Merkel: No Relaxing Of Terms On Greek Debt

German Chancellor Angela Merkel stands in front of a poster showing a new Two-Euro commemorative coin at the Chancellery in Berlin, Germany, on Thursday. (DPA/Landov)

German Chancellor Angela Merkel has rejected any renegotiation of Greek debt after last week's election that brought an anti-austerity party into power in Athens.

Merkel said banks and creditors that extended Greece bailout loans to keep the government from defaulting on its sovereign debt have already must draw the line on already substantial concessions. But she did say in an interview with the German daily Berliner Morgenpost that she wanted Greece to stay in the eurozone.
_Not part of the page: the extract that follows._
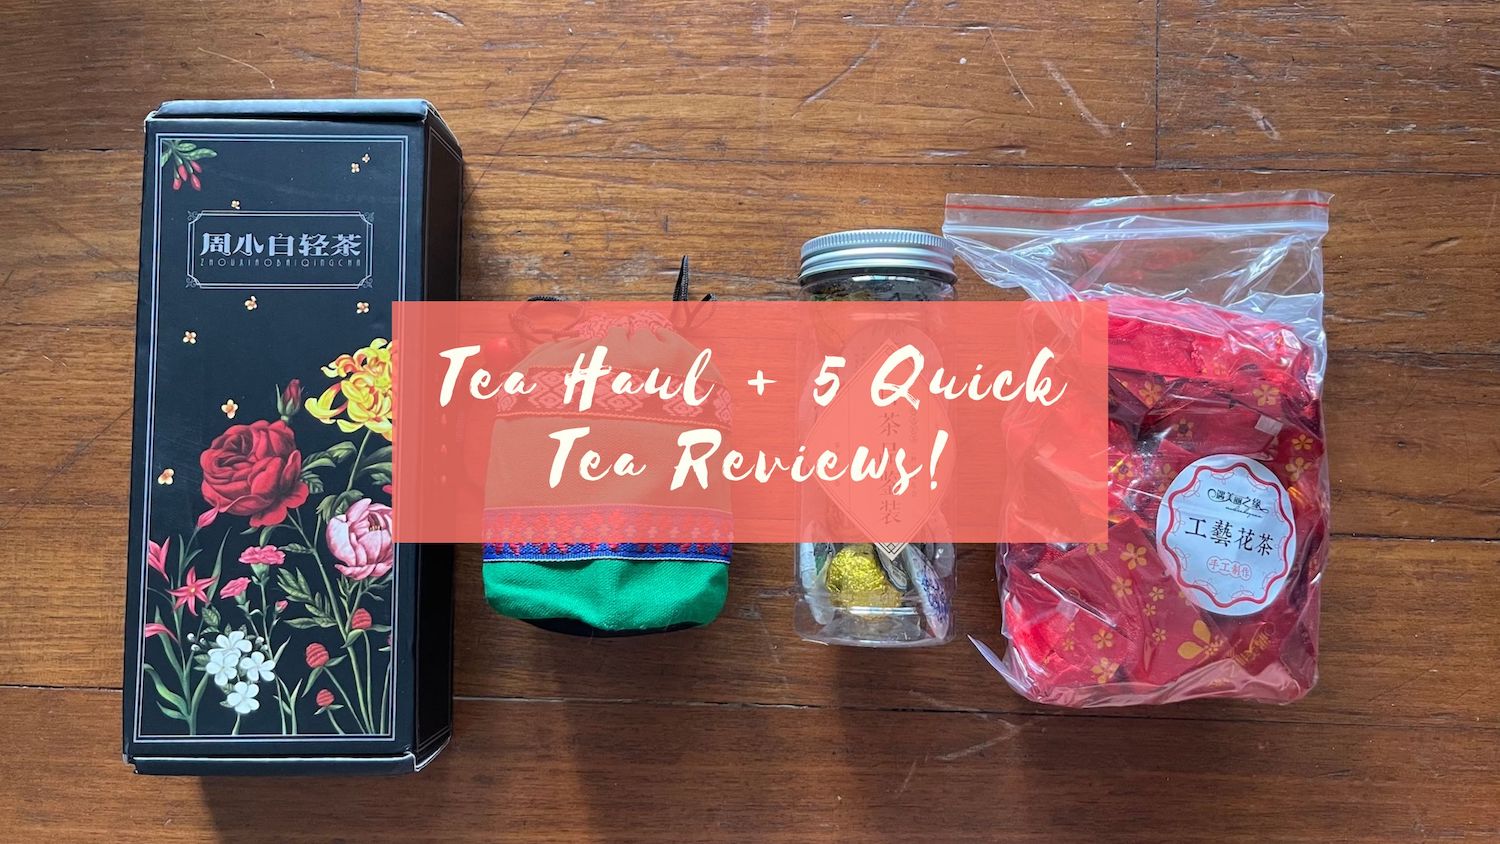 Golden Black Tea - Mountain Rose Herbs (Full review in comment) : r/tea

"We — Germany and the other European partners — will now wait and see what concept the new Greek government comes to us with," she was quoted as saying by the newspaper.

However, Germany and the other EU partners had already forgiven billions of euros lent by private creditors, she said.

"I don't see a further debt haircut," Merkel said, according to The Associated Press.

The European Commission, European Central Bank and International Monetary Fund, known as the troika has agreed to a $270 billion bailout with the previous Greek government.

However, as the BBC reports, Greece's new finance minister, Yanis Varoufakis, "has refused to work with the troika to renegotiate the bailout terms and has already begun to roll back the austerity measures the creditors had demanded of the previous government."

Merkel's comments echoed those of Germany's Finance Minister Wolfgang Schaeuble, who warned Greece on Friday that it would not back-down on repayment. "[We] are difficult to blackmail," he said.